But there are critical voices: a study that appeared in the journal Atmospheric Chemistry and Physics on 19 July this year reveals that hydrogen, when released into the atmosphere, has a far greater ‘heating’ power than previously thought, two to six times greater. Treating hydrogen with extreme caution by paying maximum attention to leakage will therefore be a must: with a 10% leakage rate, a value that many scientists consider plausible, blue hydrogen (with carbon capture and methane loss of 3%) could increase the warming impact by 25% in 20 years. The ‘green’ hydrogen produced would still reduce warming effects by two-thirds compared to fossil fuels, but far less than the climate-neutral promise claimed by hydrogen advocates.
The automobile industry has already been involved in producing hydrogen-powered vehicles for twenty years – first with prototypes, then with commercial vehicles: the BMW Hydrogen 7 of 2007 is the first hydrogen-powered car (with a combustion engine) put into circulation in a small series, about a hundred units. Now there are several examples on the market, distributed by the major brands: they have the advantage of an attractive autonomy, since a full tank can be driven for up to 1,000 km, but they are significantly expensive, to the point that some manufacturers offer them for hire. Another major disadvantage are the very few refuelling points: as of today there are only about a hundred in Germany, 29 in France, 9 in Spain and only 6 in Italy: although general expansion is expected in the short term, we are still very far from sustainable usability.
In heavy mobility, on the other hand, we are already in the midst of fully realised projects: two hydrogen-powered pilot trains, produced by Alston, have already travelled more than 180,000 km in Germany between 2018 and 2020, while the first official hydrogen train with fuel-cell batteries started regular service on 25 July this year on the German regional railway line between Cuxhaven and Buxtehude. In shipping there have been realisations as early as 2020, such as the small boat Hydra, the first in the world with a fuel cell engine. Since then, the system has been implemented on various types of ships and submarines, and shows great promise.
The social issue
In the EU, cars on the road are on average 11.8, vans 11.9, trucks 14.1 and buses 12.8 years old
The average age of the car fleet in the European Union is 11.8 years. Lithuania and Romania have the oldest car fleets, with vehicles almost 17 years old; the newest cars are in Luxembourg (6.7 years); the average age of light commercial vehicles is 11.9 years; Italy has the oldest van fleet (13.8 years), followed by Spain (13.3 years); lorries are on average 13.9 years old, Greece has the oldest lorry fleet with an average age of 21.4 years, while the newest are found in Luxembourg (6.7 years) and Austria (7 years); buses are on average 12.8 years old and Greece has the oldest with more than 19 years; only six countries in the European Union have a bus fleet that is less than 10 years old.

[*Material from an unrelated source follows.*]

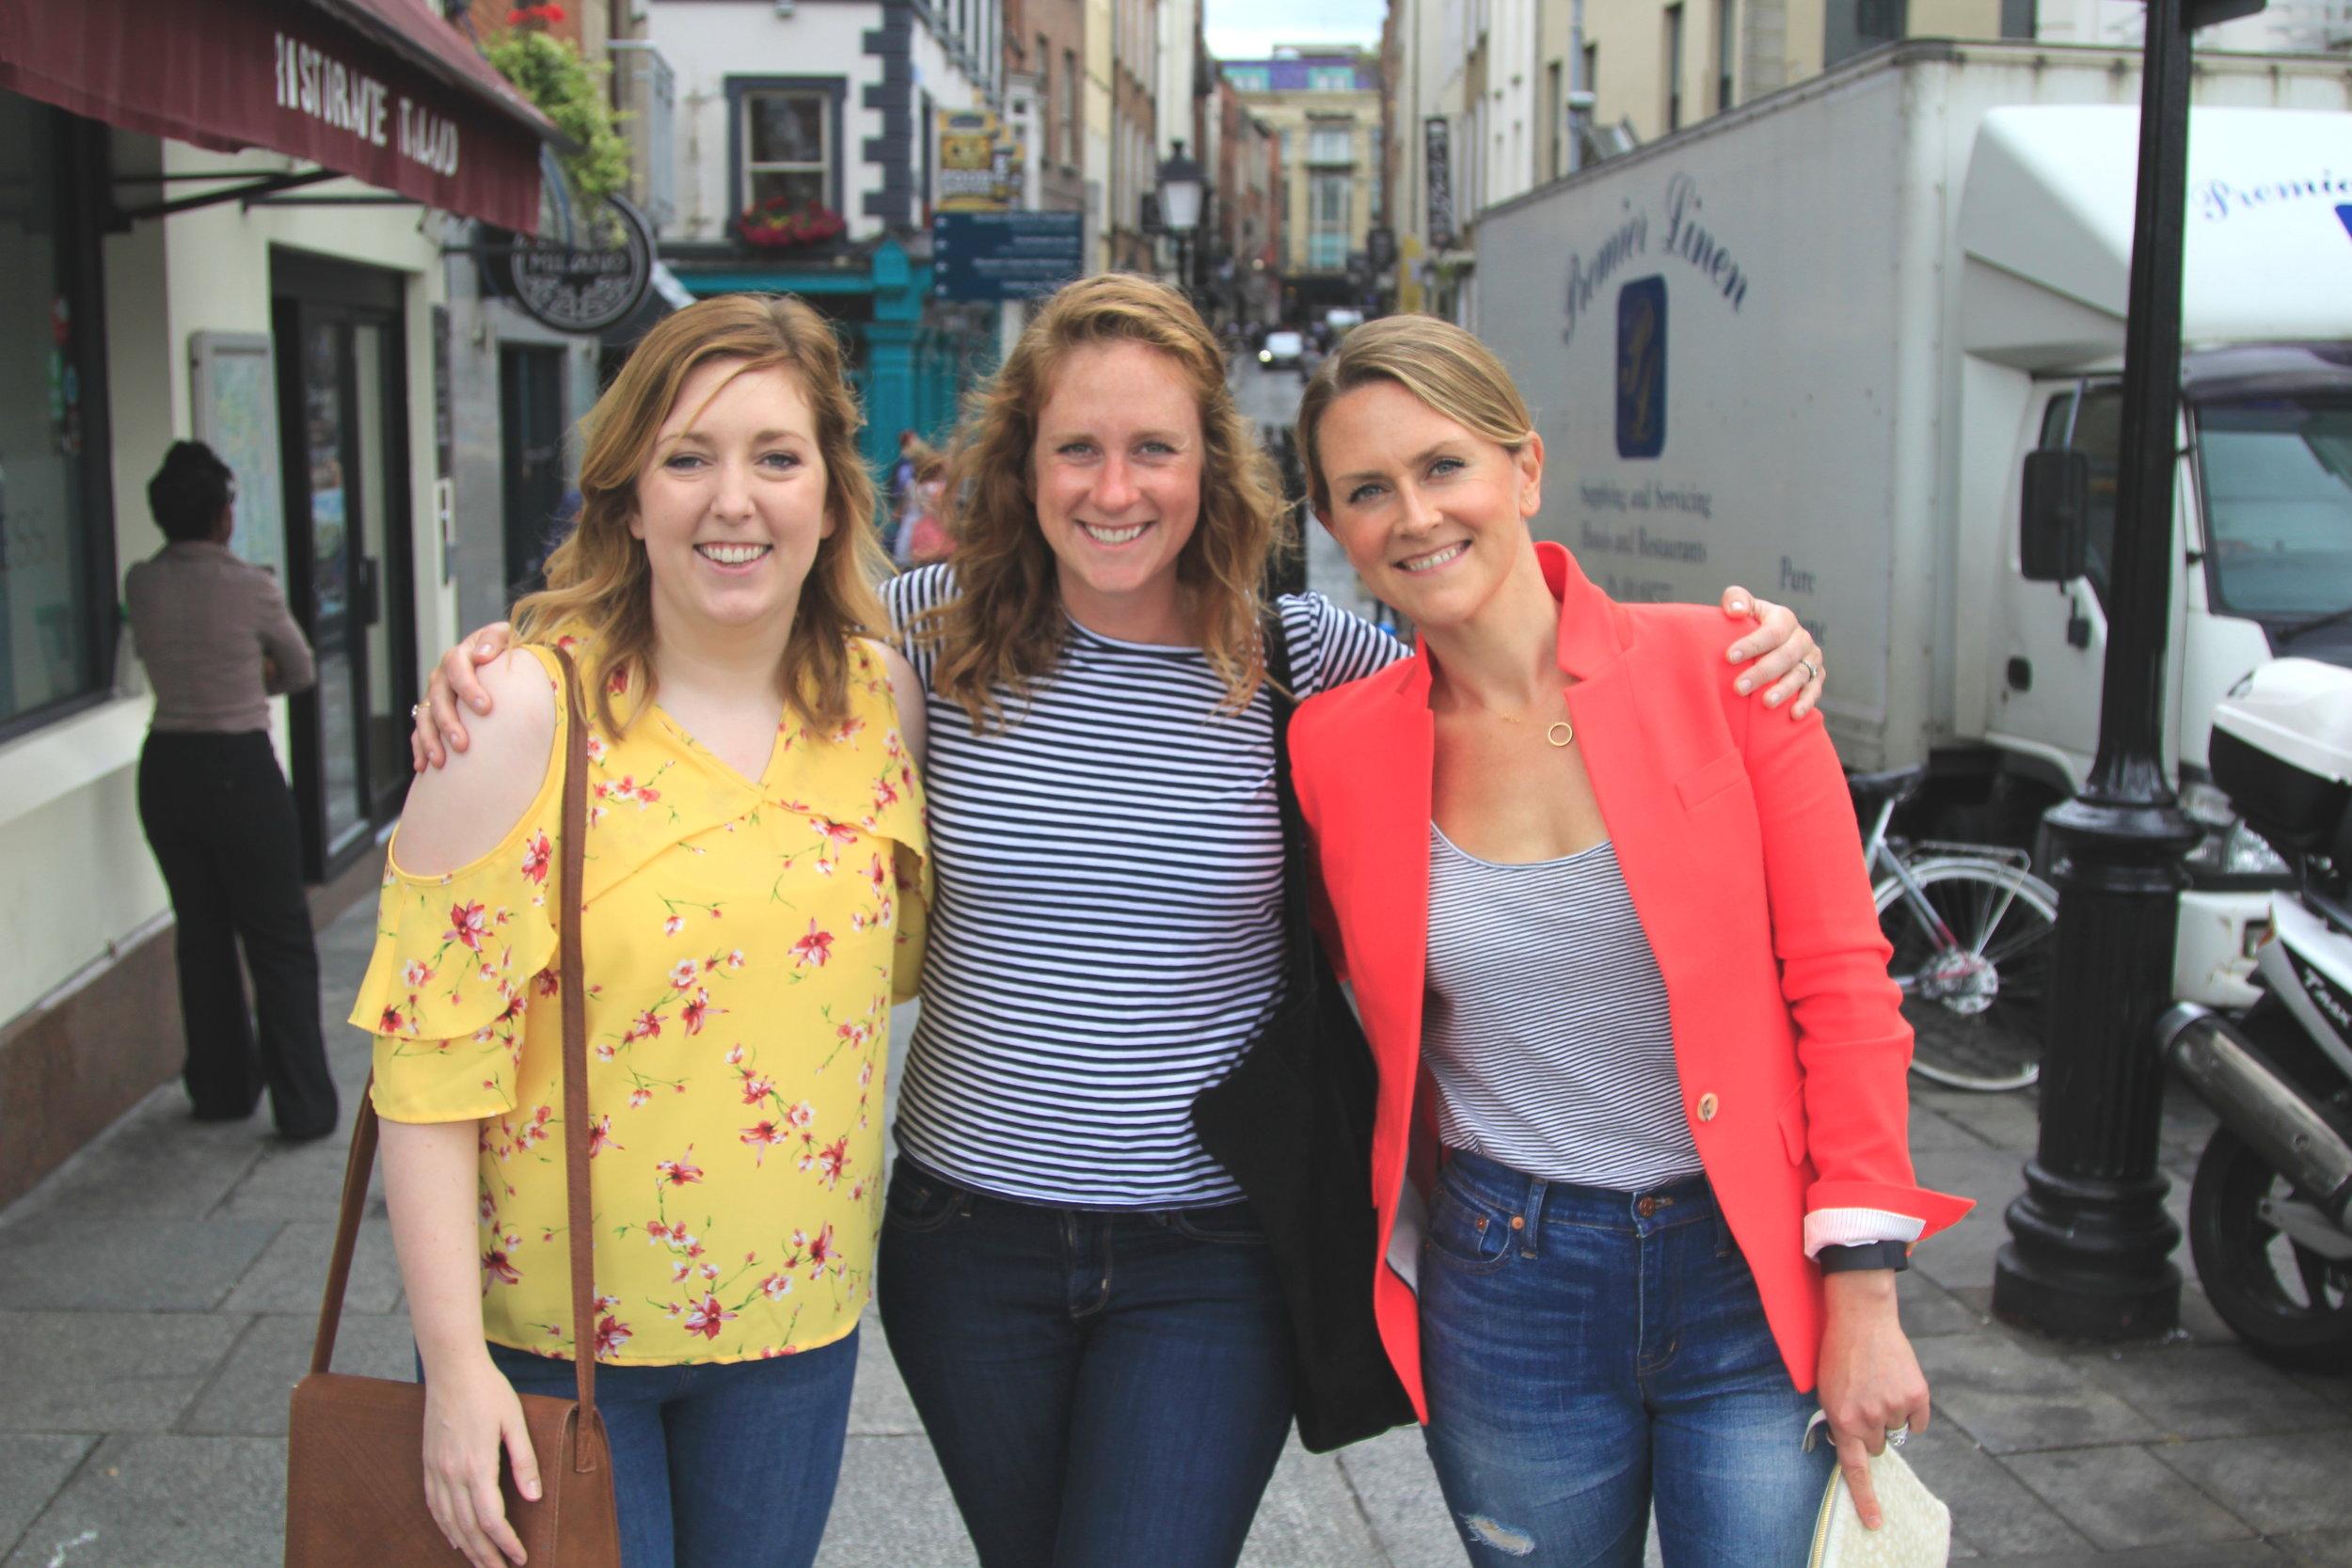 Cousins in Ireland!
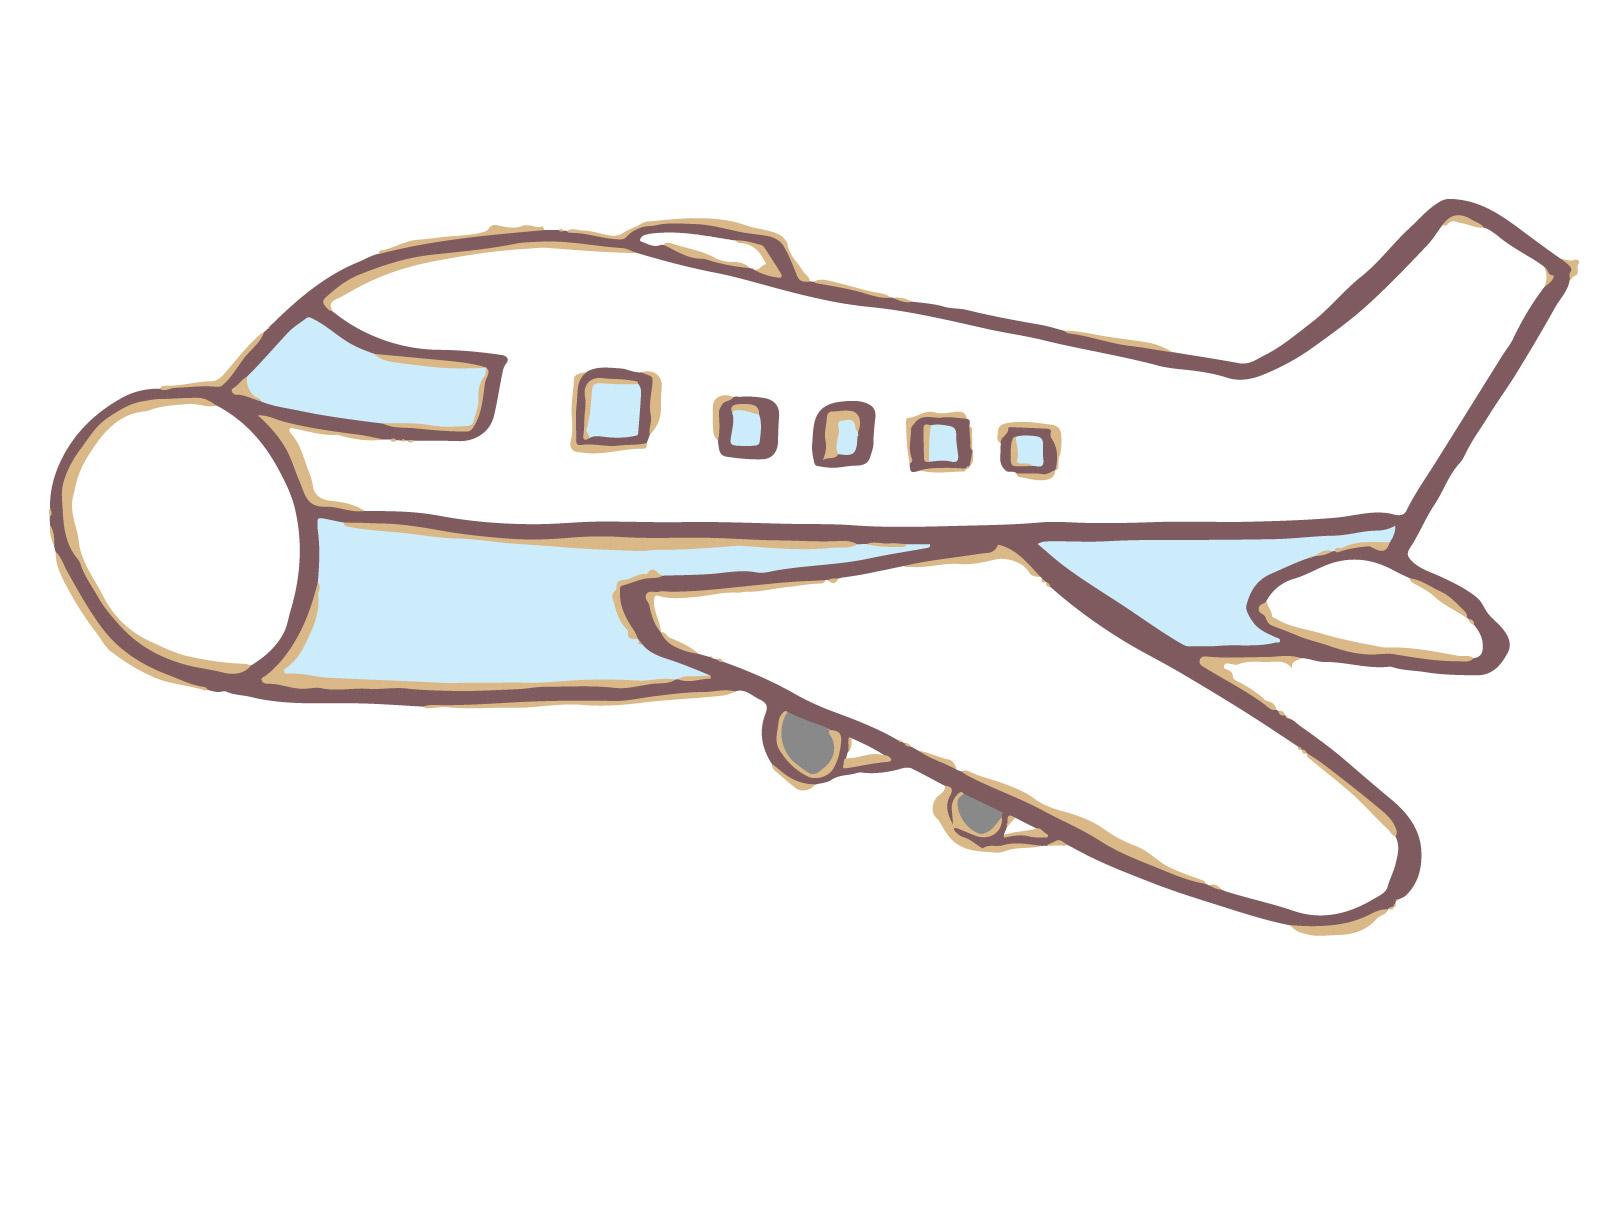 サンチアゴ航空513便事件の謎と真相と嘘!完全論破します

Looking at the quality and age of the fleets on the road, one can understand the resistance in renewing them, due above all to purchasing power: it is no coincidence that the age of the fleet is almost always inversely proportional to the GDP of the reference area. The average price in Europe of a new car with an internal combustion engine is €32,318, while that of an EV is €42,568, with a differential of 31.7%, which, however, varies from region to region (in Italy it is 42%). The differential worsens if we lower the target: the lowest price of a small-capacity ICEV, again in Italy, is around €10,000 (Dacia Sandero), while the cheapest EV like the Dacia Spring is sold for €20,100.
For those with less spending power, buying an EV involves an outlay twice as high as buying an ICEV. The price is expected to fall gradually, mainly due to the decreasing cost of batteries – Volkswagen predicts parity by 2025, while BloombergNEF claims they will be even cheaper by then – but the fact remains that for a large segment of the public, buying an EV is a pipe dream today.
With such an ageing fleet, the used car market thrives: 32.7 million used cars were sold in Europe in 202 compared to 9,700,192 new cars. In some areas, most car owners commit very little money to their mobility, some out of strategy (second car), most due to poor economic possibilities. With the freeze on the production of ICEVs, those with less spending power will be in great difficulty: the used car fleet, the lifesaver for this category, will be practically non-existent, and the only alternative will be between buying a new vehicle and walking. Freedom of movement, so important, socially, over the last half-century, is in danger of suffering a serious setback.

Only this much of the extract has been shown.